The cheesecake part was silky and soft, much smoother and less viscous than your standard slice of New York, but still with enough body to have interest and give my mouth something to play with. It reminded me of the undercooked cheesecakes I make for myself, because if there is anything I like more than cheesecake, it's cheesecake batter. The crust was incredible with a sweet caramel flavor and with the ability to hold together just long enough for me to get it into my mouth before falling apart into a crumbly mess that was an absolute delight to eat!
Overall, this was an amazing cheesecake, and I was completely powerless to its perfection until I remembered exactly what had been so enticing about it when it was sitting coyly behind the display case glass. The passionfruit and lime flavors had tempted me into buying it, and yet they were barely detectable.
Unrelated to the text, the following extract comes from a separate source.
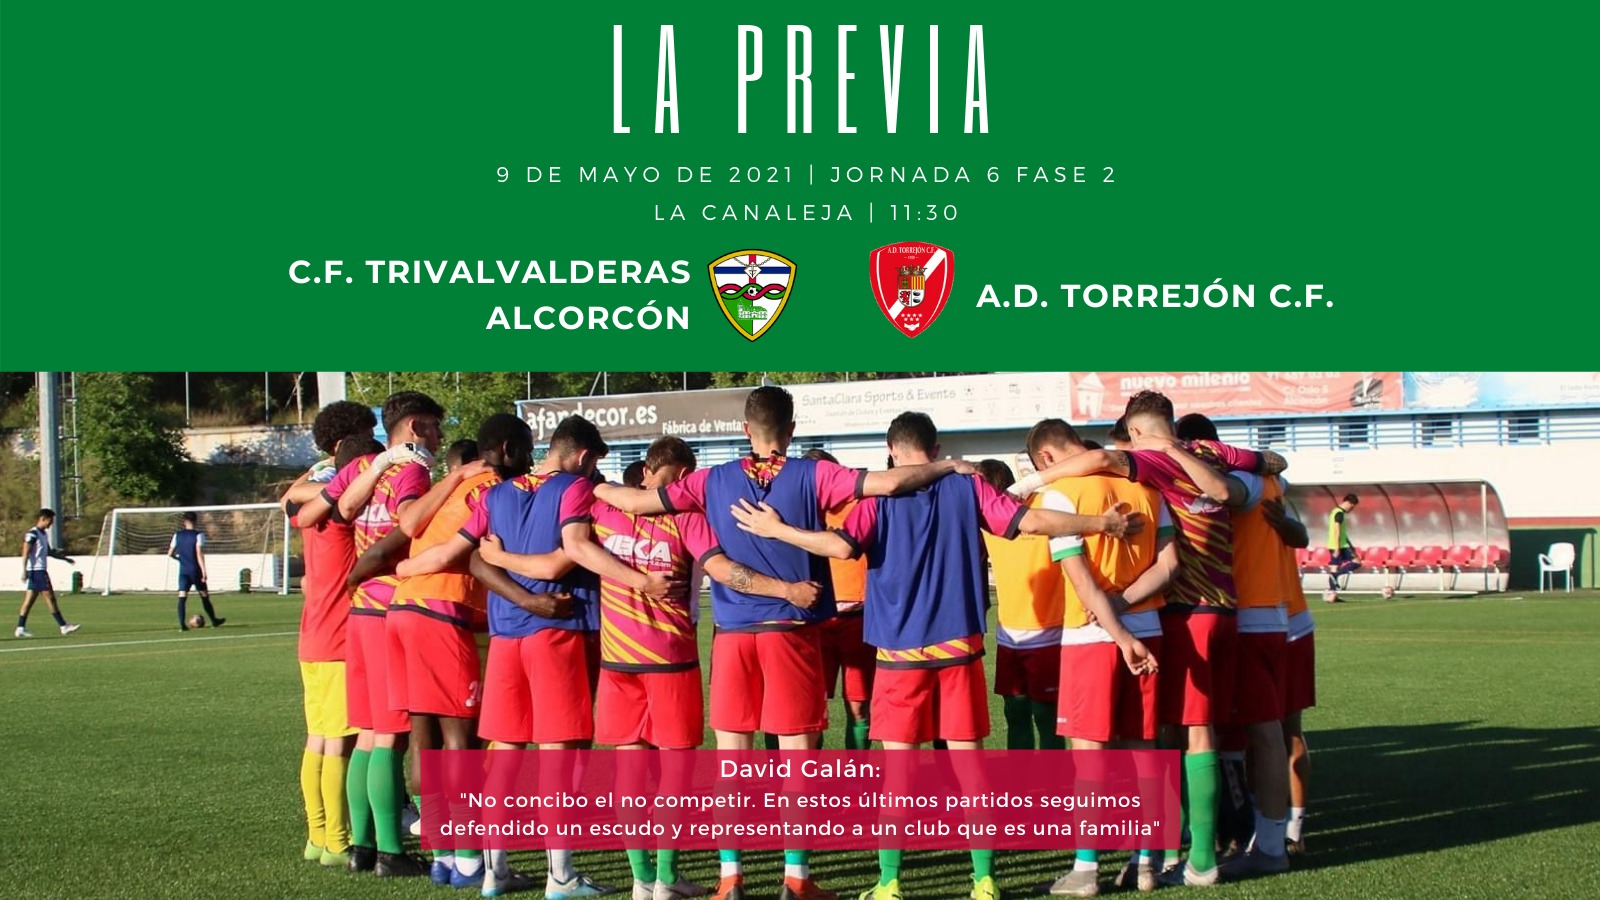 sdsPREVIA J6 FASE 2 | C.F. TrivalValderas Alcorcón - A.D. Torrejón

The passionfruit was so faint that I had to concentrate on it in order to even be aware of it. The lime, on the other hand, was completely absent.
The fact that the cheesecake was so darn good I forgot about these things says enough. I would certainly eat it again, but just don't expect to get your passionfruit/lime rocks off. I guess I would say that they were there, just enough, to be somewhat cleansing in a way that citrus can be, but that seemed to be all they were there for. But really, I didn't miss them, not one tiny bit.
So this week there is no winner. I'd name the cheesecake because it's delicious but it didn't actually hold up to its name, so I feel it would be improper to congratulate it for fraud. All the same, Un Dimanche à Paris certainly won overall in comparison to Carl Marletti and Sadaharu AOKI.